# Grizzly G1021 Planer



## Undecided (May 18, 2012)

Does anyone have any experience with this model? I found one on CL that looks in pretty good shape. Is the price of 600 reasonable and I am really concerned about the moving table vs. the head moving. Is this good or bad? All the planers I have used have a stationary table with a moving head so I don't have any idea if this is a pro or a con. My thought is, I don't see any of the newer models with movable tables...all seem to be stationary....there must be a reason for this. Right?:huh:


----------



## Dave Paine (May 30, 2012)

Looks like this is no longer sold.

If the link at Grizzly is the same G1021 you see on CL, this has moveable table, same as the newer 15 in planer, G0453.

I think the "portable" machines normally have moveable heads. Lighter, smaller and designed for no stand.

The "stationary" machines appear to have moveable tables. I think this is due to mounting the motor below the table in the stand and then having a belt or chain drive to the headstock. Another reason may be the relative light weight of the tables make it easier to move than a heavy motor.
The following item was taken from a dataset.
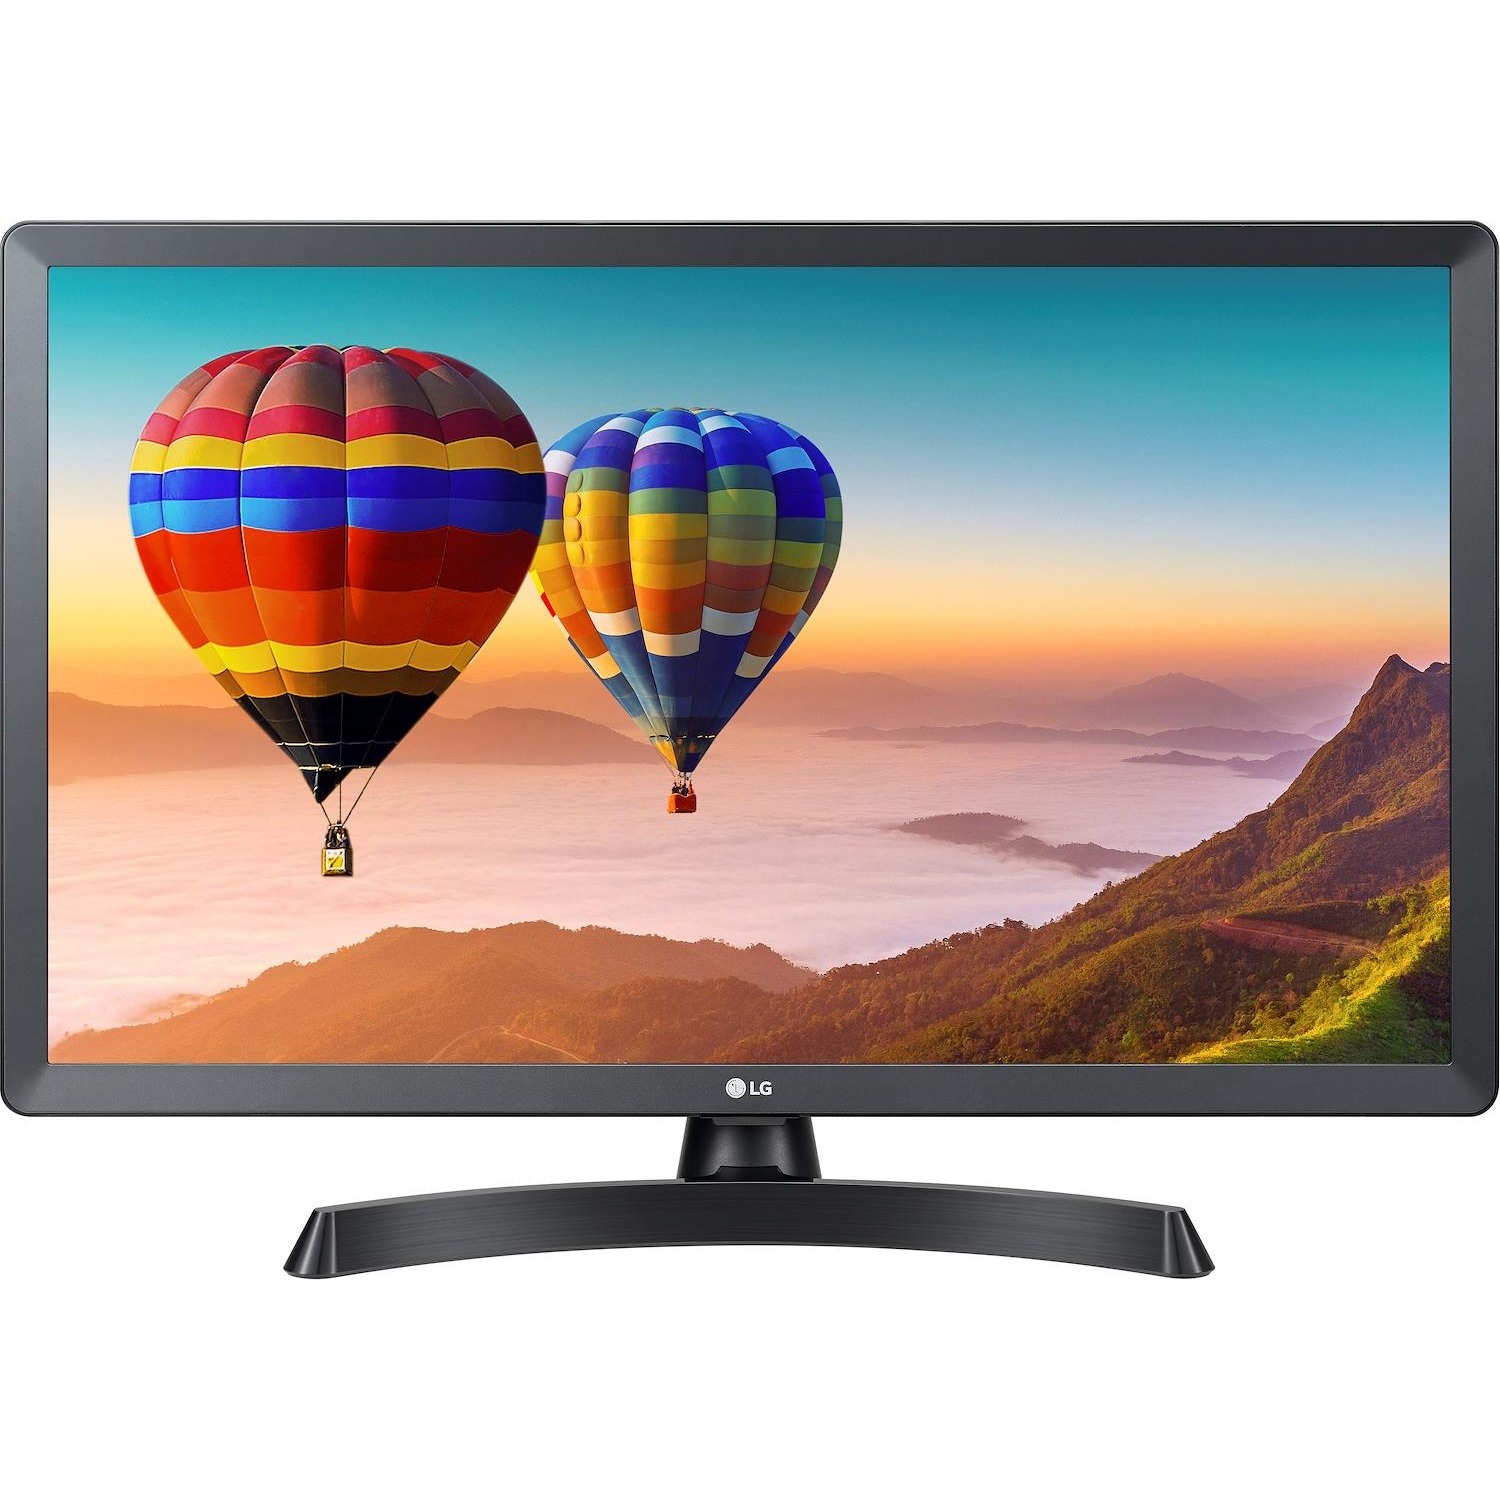 Immagine per TV LED Monitor LG 28TN515VP da DIMOStore

Pro's and con's you decide. I think both work. The only nuance of moveable table is if you needed additional support for long boards, then you would need to move the tables and the external supports.


----------



## Undecided (May 18, 2012)

Good point, I was comparing it to the portables that I have been using. Now that you mention it, I see the stationary units do have the tables move instead of the head. THANKS for point that out!


----------